Technically, this framing of the problem is referred to as a multi-step time series forecasting problem, given the multiple forecast steps. A model that makes use of multiple input variables to predict the target variable (such as engineered features) is also referred to as a multivariate multi-step time series forecasting model.
## # A tibble: 110,710 x 8
## account_number stock_ticker country filled_quantity status filled_price
## <dbl> <chr> <chr> <dbl> <chr> <dbl>
## 1 3433920 AML UK -150 FILLED 18.0
## 2 5051374 AML UK -10 FILLED 18.0
## 3 9098558 AML UK 550 FILLED 18.3
## 4 8692010 AML UK -8 FILLED 18.0
## 5 5728512 AML UK -10 FILLED 20.6
## 6 5728512 AML UK -10 FILLED 20.5
## 7 4964040 AML UK 0 CANCELLED NA
## 8 5728512 AML UK -10 FILLED 20.7
## 9 6303034 AML UK 8 FILLED 18.2
## 10 4801054 AML UK 0 CANCELLED NA
## # ... with 110,700 more rows, and 2 more variables: time_created <dttm>,
## # time_executed <dttm>
| Name | equity_test_tbl |
| Number of rows | 110710 |
| Number of columns | 8 |
| _______________________ | |
| Column type frequency: | |
| character | 3 |
| numeric | 3 |
| POSIXct | 2 |
| ________________________ | |
| Group variables | None |
Variable type: character
| skim_variable | n_missing | complete_rate | min | max | empty | n_unique | whitespace |
|---|---|---|---|---|---|---|---|
| stock_ticker | 0 | 1 | 3 | 4 | 0 | 6 | 0 |
| country | 0 | 1 | 2 | 2 | 0 | 2 | 0 |
| status | 0 | 1 | 3 | 9 | 0 | 4 | 0 |
Variable type: numeric
| skim_variable | n_missing | complete_rate | mean | sd | p0 | p25 | p50 | p75 | p100 | hist |
|---|---|---|---|---|---|---|---|---|---|---|
| account_number | 0 | 1.00 | 5834151.84 | 1956311.33 | 1489016.00 | 4150806.00 | 5754036.00 | 7563634.00 | 9327748.00 | ▂▇▇▆▆ |
| filled_quantity | 0 | 1.00 | 1.08 | 169.31 | -18068.00 | -0.25 | 0.50 | 2.80 | 30000.00 | ▁▇▁▁▁ |
| filled_price | 603 | 0.99 | 11.53 | 4.81 | 3.83 | 9.32 | 9.67 | 15.19 | 21.19 | ▂▇▁▂▃ |
Variable type: POSIXct
| skim_variable | n_missing | complete_rate | min | max | median | n_unique |
|---|---|---|---|---|---|---|
| time_created | 0 | 1 | 2021-04-01 10:11:00 | 2021-08-31 23:01:00 | 2021-07-28 10:15:00 | 27952 |
| time_executed | 0 | 1 | 2021-07-01 00:00:00 | 2021-08-31 23:53:00 | 2021-07-28 10:15:00 | 20012 |
Preliminary analysis suggests that data quality is good and that there are no apparent anomalies.
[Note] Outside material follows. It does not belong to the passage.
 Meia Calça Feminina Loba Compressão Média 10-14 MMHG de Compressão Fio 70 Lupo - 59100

Prior modeling, raw data requires transformation and wrangling. There are several categories (groups). The first (parent) group is “country” with two distinct labels UK & EU, then there is the status column with 4 sub-categories - “filled”, “canceled”, “rejected”, and “new”, and finally the stock ticker identifier column containing 6 individual stocks.
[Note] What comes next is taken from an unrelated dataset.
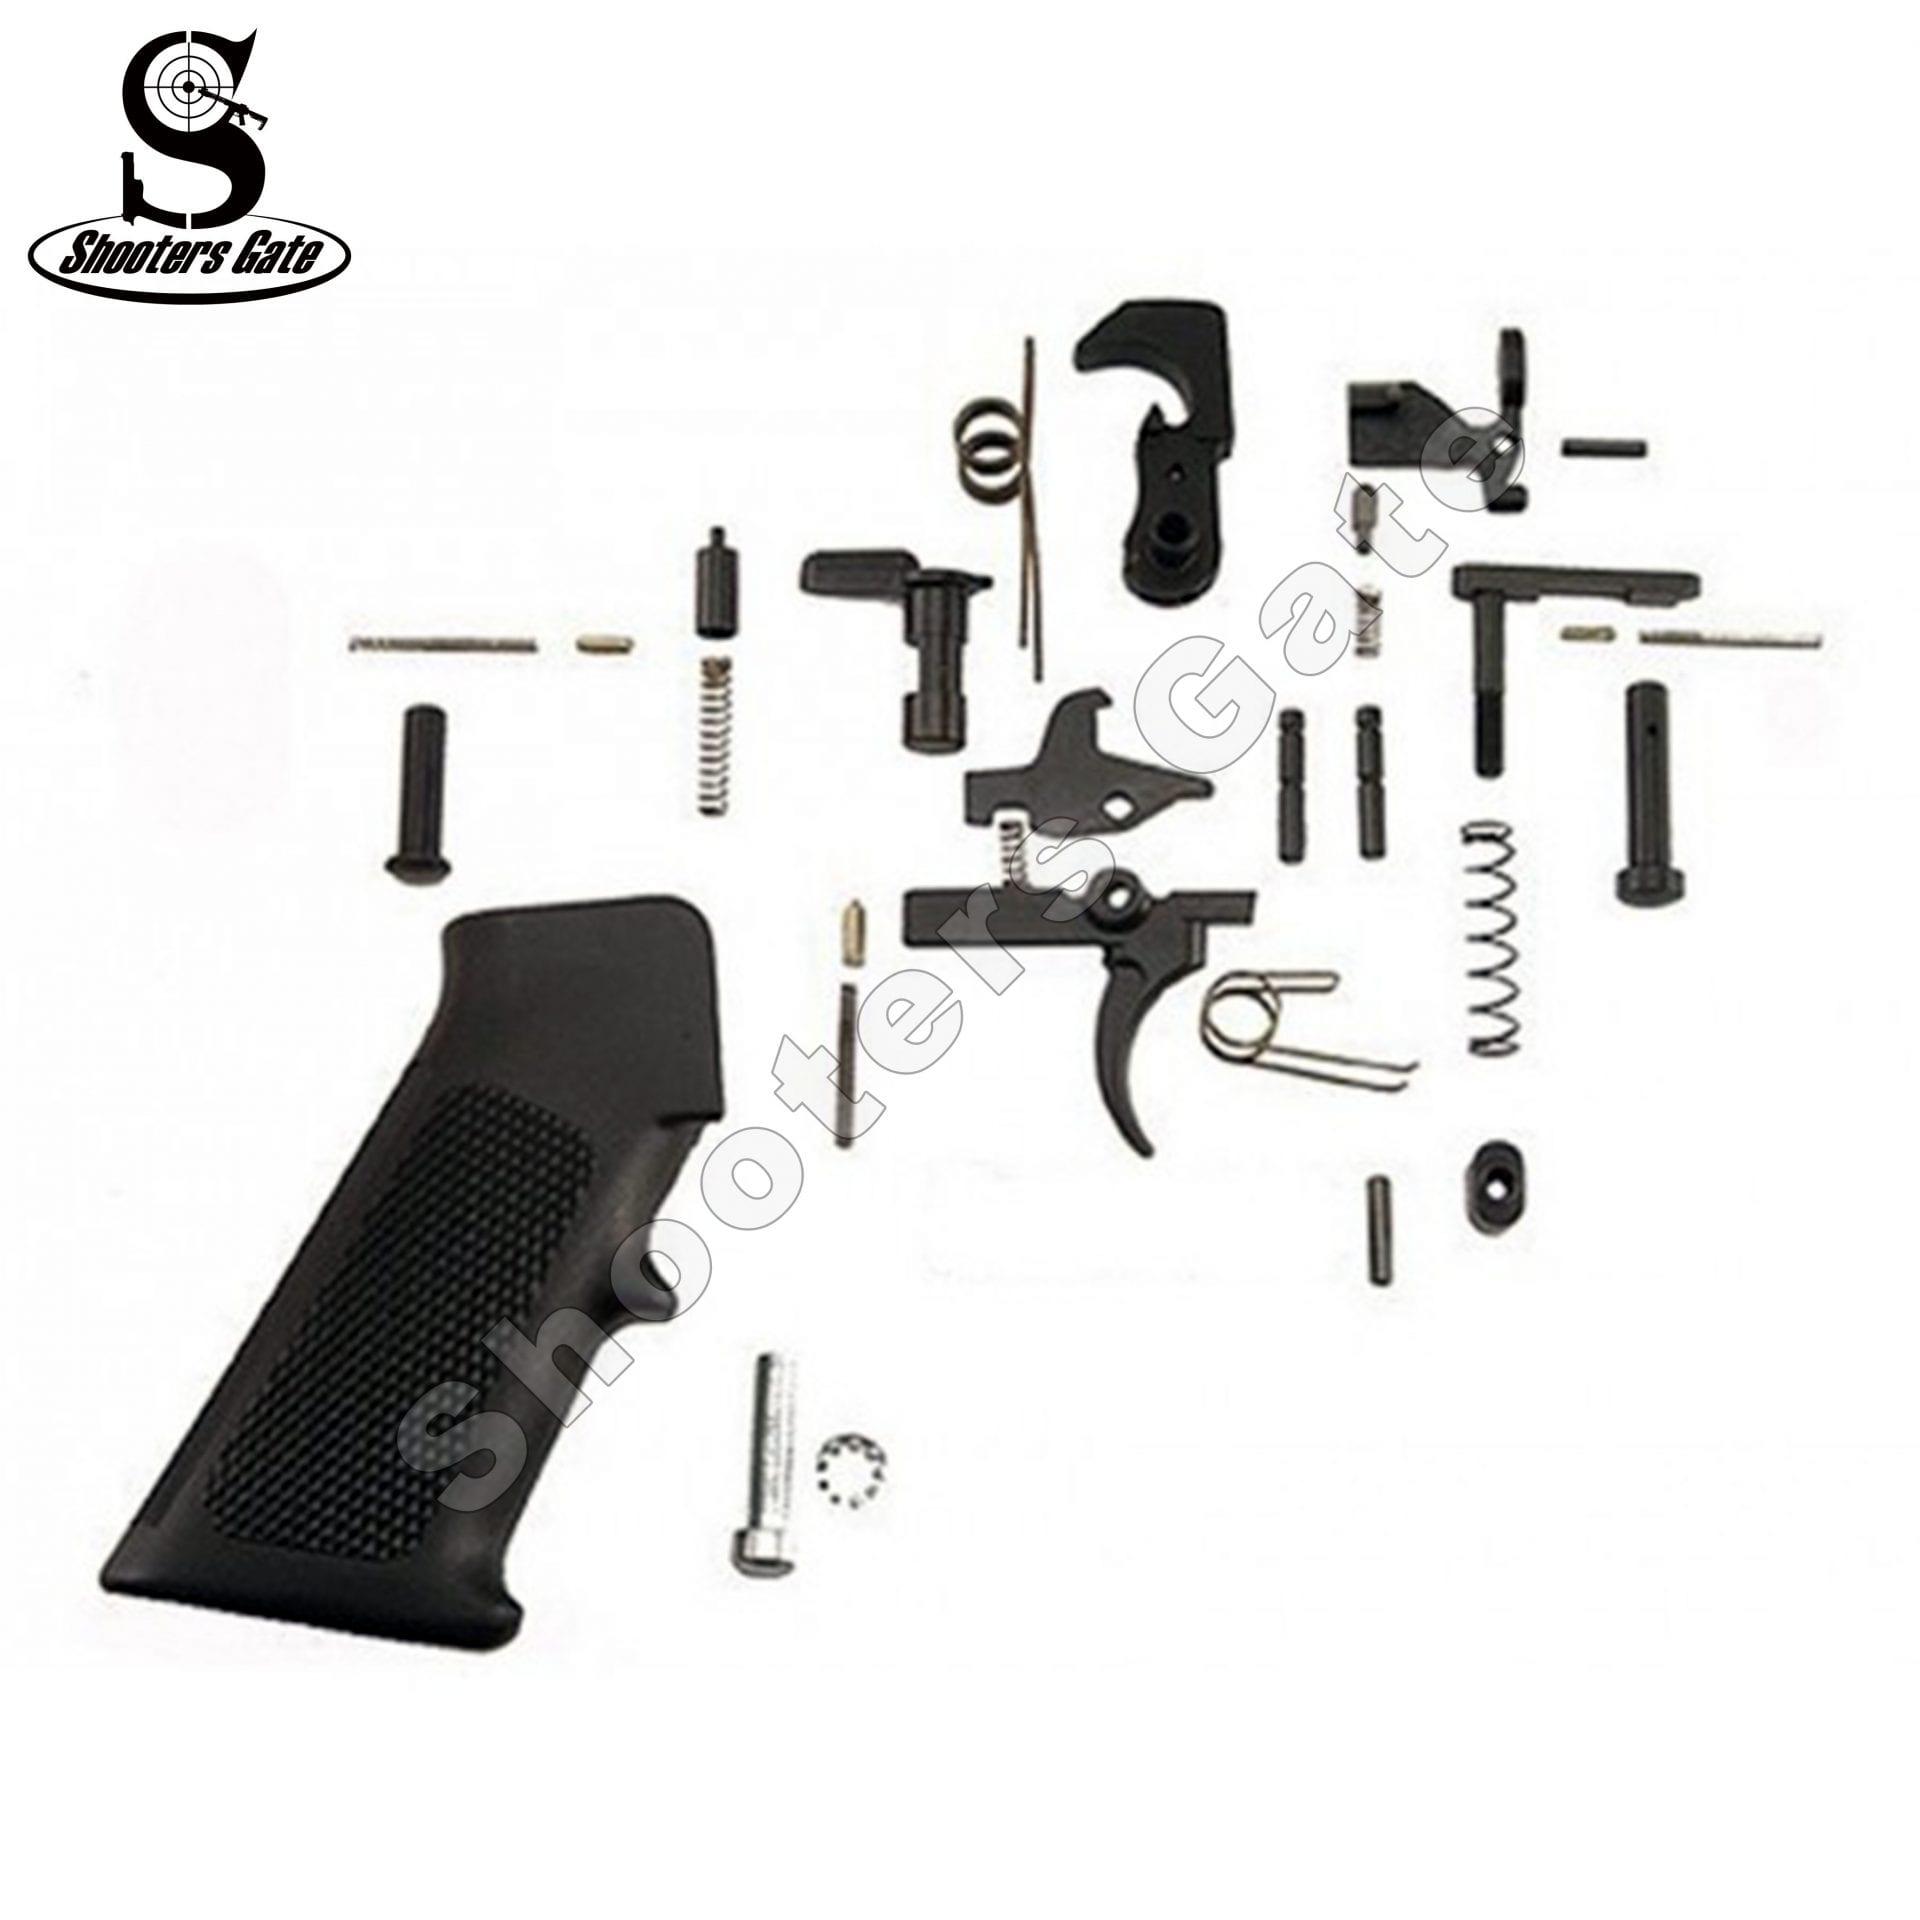 AR10 Trigger Parts Kit

There are ways to perform multi-categorical forecasts but they tend to be poor performers in terms of accuracy as group categories get higher (for reference - https://metodisimeonov.shinyapps.io/Hierarchical_Forecaster/). Therefore, suggested approach for going forward is the development of an ensemble (current analysis) and nested forecasting methods to process panel data.
Moreover, the target variable contains positive and negative integers, which correspond to two additional groups - number of bought and sold shares.
For the purpose of this analysis the target variable will be transformed to an absolute value.
The forecast will account for the UK region only.
2.1. External Regressors
Visualizing time series signatures indicates that there are reoccurring patterns on hourly, daily and weekly intervals.